It is noteworthy that the different iced phase structures correspond to different freezing dynamics. This is well illustrated in figures 2(e,f), where the temporal growth of the freezing front, $h(t)$, is shown for three sets of experimental conditions, corresponding to pure water, intermediate salinity and sea water salinity, all at $\varTheta _i=3/8$. Though all three cases display an initial period of diffusive ice phase growth, i.e. $h \propto \sqrt {t}$, later the growth rate decreases for the case $S_i=0$, 2 %; while when $S_i=3.5\,\%$, the instantaneous growth rate increases and even exceeds the diffusive growth rate before reaching the equilibrium. It is remarkable also to note that the equilibrium height is not simply proportional to the salinity. The above highlighted temporal evolution of the ice growth in a salty solution depends on the internal structure of the mushy phase that in turn might also change in time (e.g. due to the formation of brine channels Wettlaufer et al. Reference Wettlaufer, Worster and Huppert1997; Worster & Wettlaufer Reference Worster and Wettlaufer1997). A quantitative description of this process is challenging because it requires detailed knowledge of the mushy microstructure. The same is true for any attempt to characterize the morphology of the solid–fluid interface. For this reason, in the following we focus on a simpler question: we try to tackle the globally averaged equilibrium state that is reached asymptotically in time. In other words, we aim at understanding the factors that control the average thickness, denoted $h_e$, of the iced mushy phase.

4. Global properties of the equilibrium state

We display in figure 3 two important spatially averaged properties of the mushy phase at the equilibrium (from now on denoted with a subscript $e$): they are the dimensionless thickness $h_e/H$ and the porosity $\phi _e$. Besides this, we report the saturation time (or time to equilibrium) denoted as $t_{e}^{90\,\%}$, here for practical reasons defined as the time it takes to reach 90 % of the equilibrium thickness non-dimensionalized by the diffusive time scale $t^*=H^2/\kappa _{ice}=1.22\times 10^4$ s.

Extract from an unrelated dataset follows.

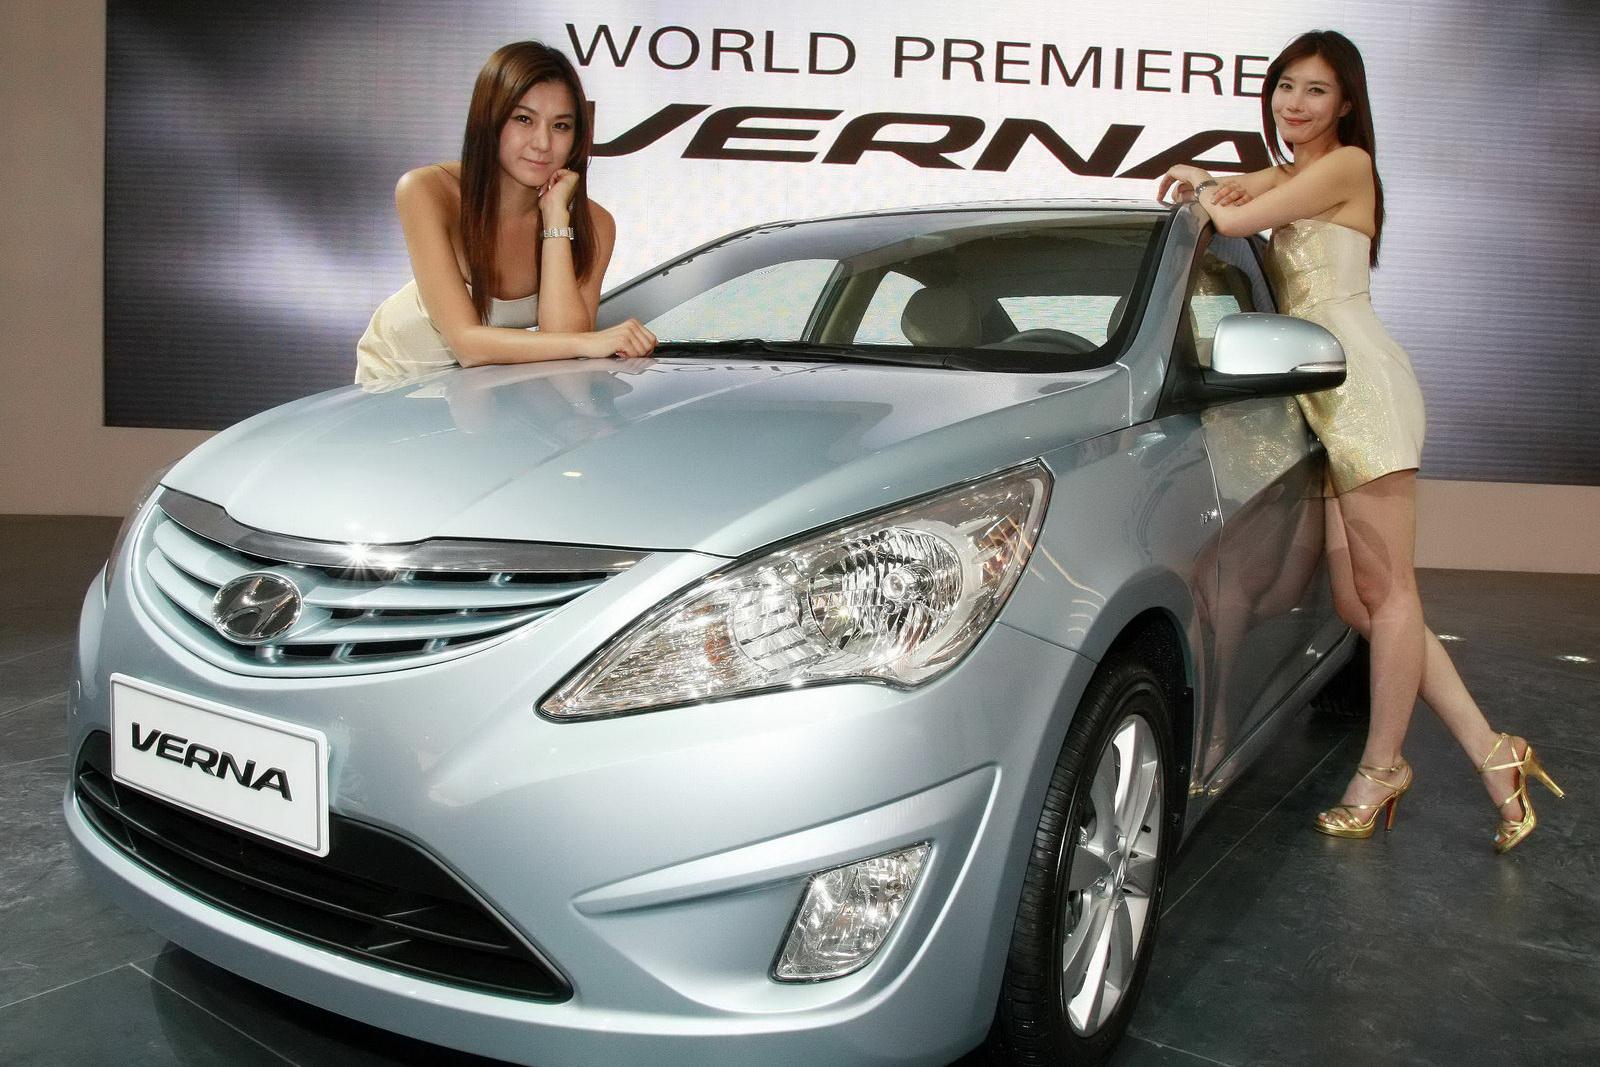 http://3.bp.blogspot.com/_eKbvSsz0vNc/S-8CSq4nTGI/AAAAAAAAAhE/SF2-H9rEe2M/s1600/2011-Hyundai-Accent-%2Bphilippines.jpg
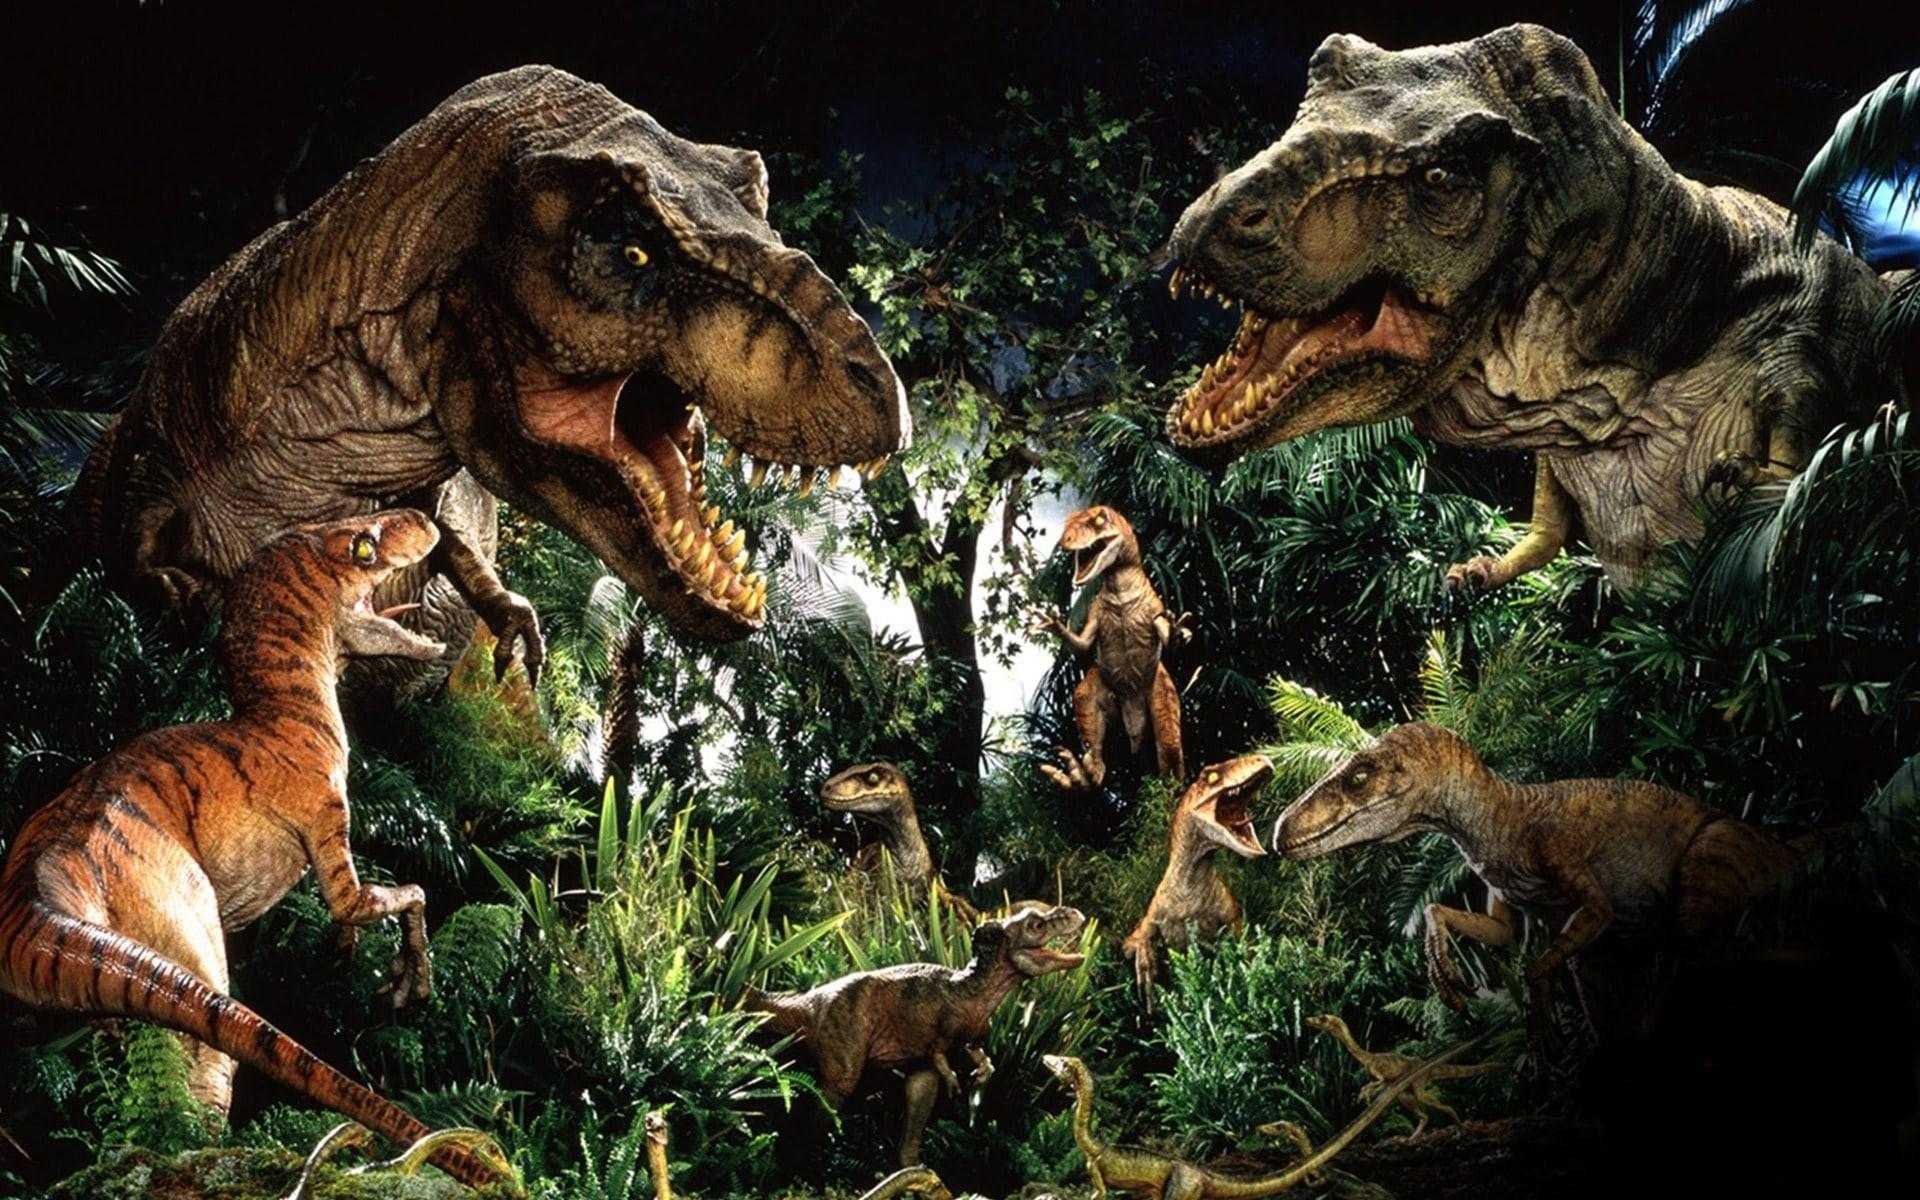 Res: 1920x1200, Jurassic World Backgrounds Jurassic World Wallpaper

The dependence of the thickness $h_e$ as a function of the initial salinity $S_i$ is very different for distinct values of the control parameter $\varTheta _i$ (see figure 3a): $h_e$ exhibits a similar non-monotonic (decrease–increase–decrease) pattern for $\varTheta _i = 1/3, 3/8$, and is monotonically decreasing for $\varTheta _i = 1/2$. These trends are in part reflected on the $\phi _e(S_i)$ dependence, which presents considerable fluctuations for intermediate salinity values, although its overall trend is increasing for all $\varTheta _i$ cases (see figure 3b).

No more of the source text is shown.